I ask anybody on the other side of the House to get up off their backsides and go to meet people who wish to invest. The Government should not listen to me if it does not believe me, but it can come to our committee when such people appear before it and listen to their complaints. It could look up the website where we published the remarks we received from all types of people, including investors and members of the public, regarding our future electricity requirements.

We are spending €6.5 billion each year on importing fossil fuels into the country. Within a relatively short space of time we could transfer that money into the development of a business which would produce exports. Instead of sending €6.5 billion out of the country we could develop an industry here with a natural resource, but we do not have the structures to do so. This Bill does not provide for these structures.

As I said at the outset, the Joint Committee on Climate Change and Energy Security has produced a Bill which has not been examined. There is no mention in the Bill we are debating of bodies such as the Marine Institute, which has all the necessary information and has done all the mapping. The committee has nominated the Marine Institute as the planning authority to draw up a development plan. It is based in the Minister of State's constituency, which is the correct place for it because all the major offshore development will take place off the west coast. If we get our finger out, places like Mayo and Galway will become the Aberdeen of Ireland in the not too distant future.

It is an absolute disgrace that not only will people not listen to us but they deliberately ignore us. Having produced a Bill 12 months ago, the Leader of the Opposition and I have constantly asked where the Bill has gone. We sent it to the correct place, the Department of Communications, Energy and Natural Resources, but nobody seems to care. The other side of the House is entertaining the unions, telling us how to run the country and where we will get cuts. We have an opportunity to create jobs and inward investment but nobody is bothering to create the circumstances in which such development can take place. One cannot take €16 billion, which is waiting to be invested, and throw it away. With every day that passes, investment is going to other countries. If the Government does not believe me, it should talk to the people concerned. The investment has gone to Portugal, Denmark and Scotland. People are opening their arms to such investment.
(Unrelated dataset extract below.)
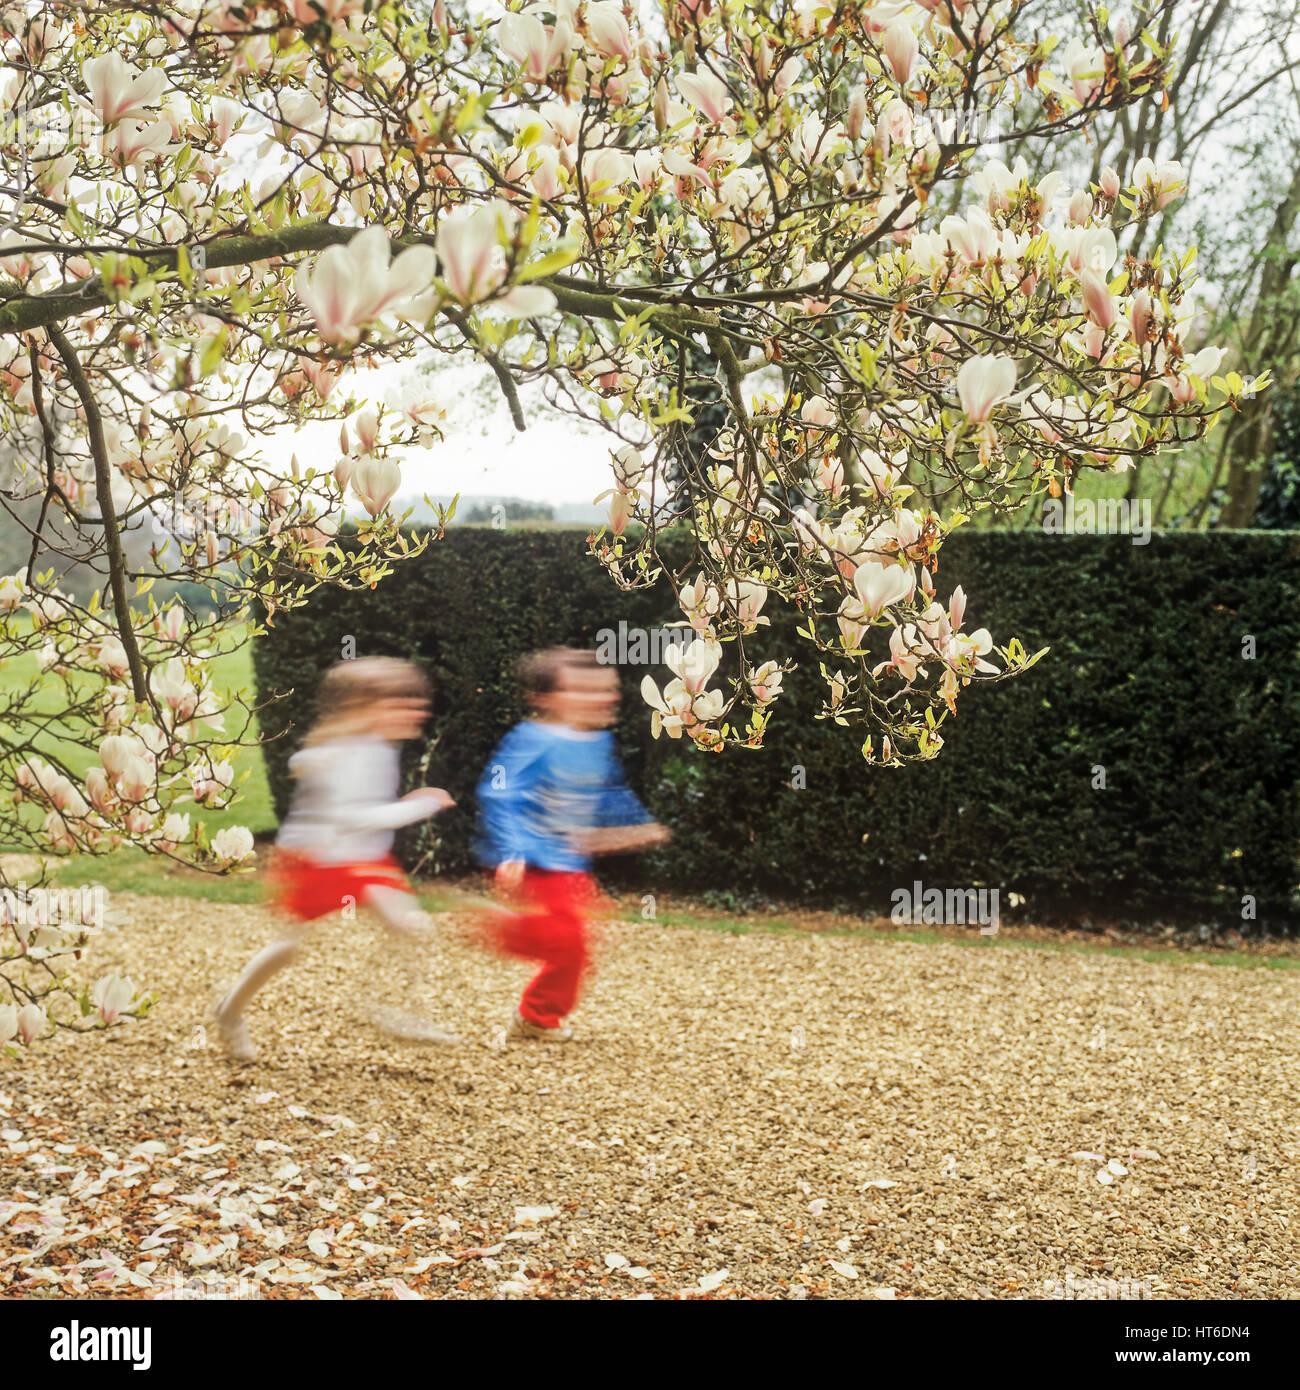 Children running in a garden. - Stock Image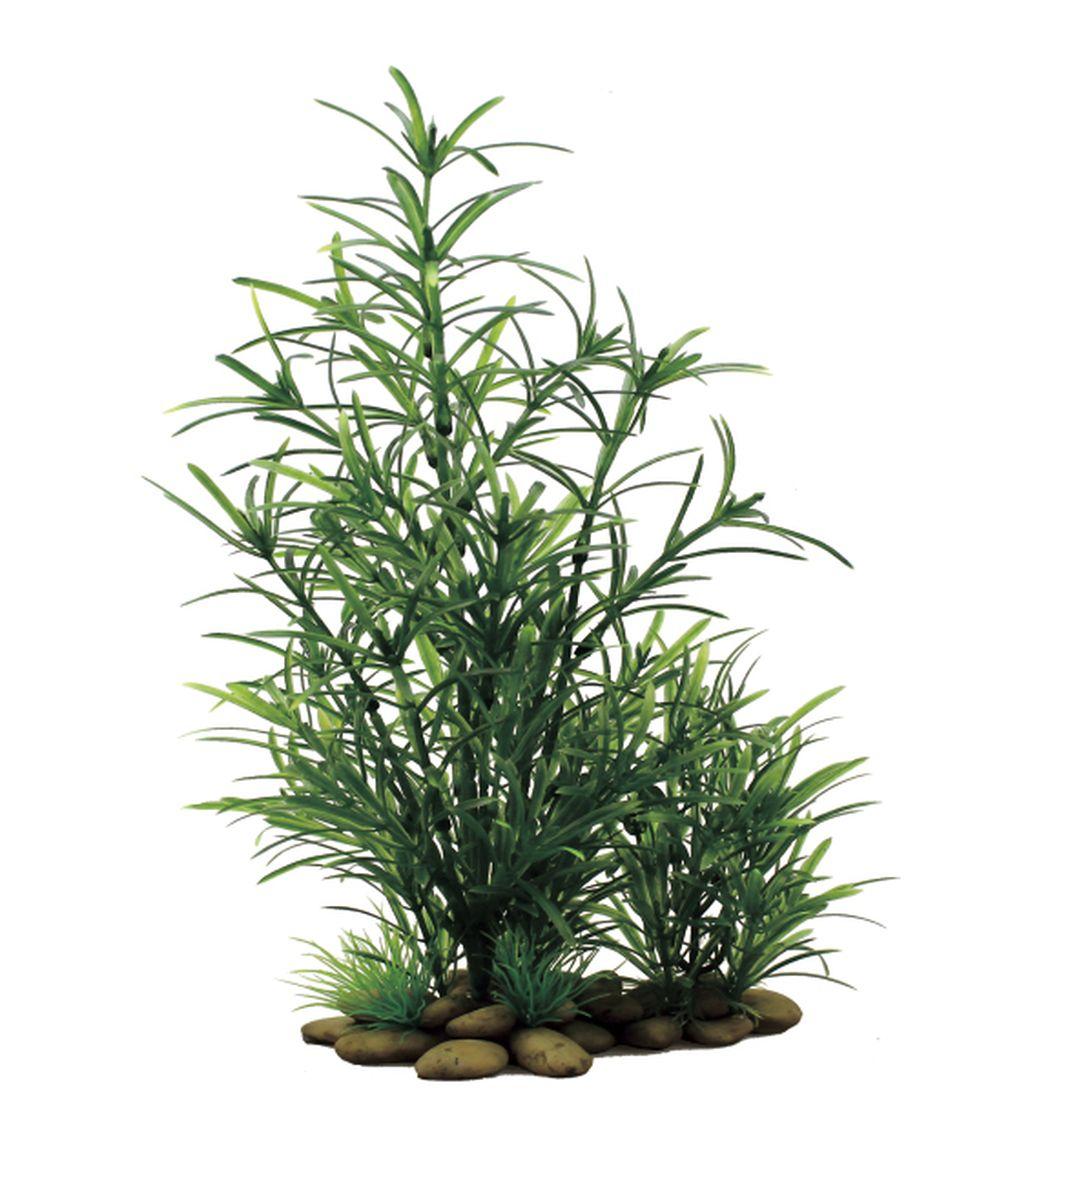 Растение для аквариума ArtUniq Наяда, высота 30 см0120710Композиция из искусственных растений ArtUniq превосходно украсит и оживит аквариум.Растения - это важная часть любой композиции, они помогут вдохнуть жизнь в ландшафт любого аквариума или террариума. А их сходствос природными порадует даже самых взыскательных ценителей.

I met Irish investors recently who have spent €52 million so far on developing a machine for tidal energy, which is being tested in Nova Scotia and Scotland because they cannot get a foreshore licence to do it here as we do not have the structures in place. We are rushing this Bill through the Dáil in two hours. It is no wonder the public are cynical about what is happening in this place. It is outrageous and people like me and others on the Opposition benches are wasting our time trying to encourage people to invest in this country. The Government, which has the power to do so, will not bother to introduce the necessary structures for that to happen. It is an absolute disgrace and if it cannot be bothered to allow investment to happen and stop the haemorrhage of jobs and investment from the country, the sooner it leaves its position the better.

I apologise for taking up so much time, but it is the only chance I have on the floor of the House to discuss the disgrace which is taking place. It has taken the Government two and a half years to get to the stage where it is transferring responsibility for foreshore licences from the Department of Agriculture, Fisheries and Food to the Department of the Environment, Heritage and Local Government. We are a laughing stock. That we are an island nation and the Foreshore and Dumping at Sea (Amendment) Bill 2009 is being handled by the Department of Agriculture, Fisheries and Food is a subject for a pantomime. It is a joke.

One can imagine the outcry in the country if it were decided to abolish the Department of Agriculture, Fisheries and Food. The farmers would be marching on the streets. However, with the stroke of a pen Fianna Fáil abolished the Department of the Marine without consulting anybody. It is an absolute disgrace.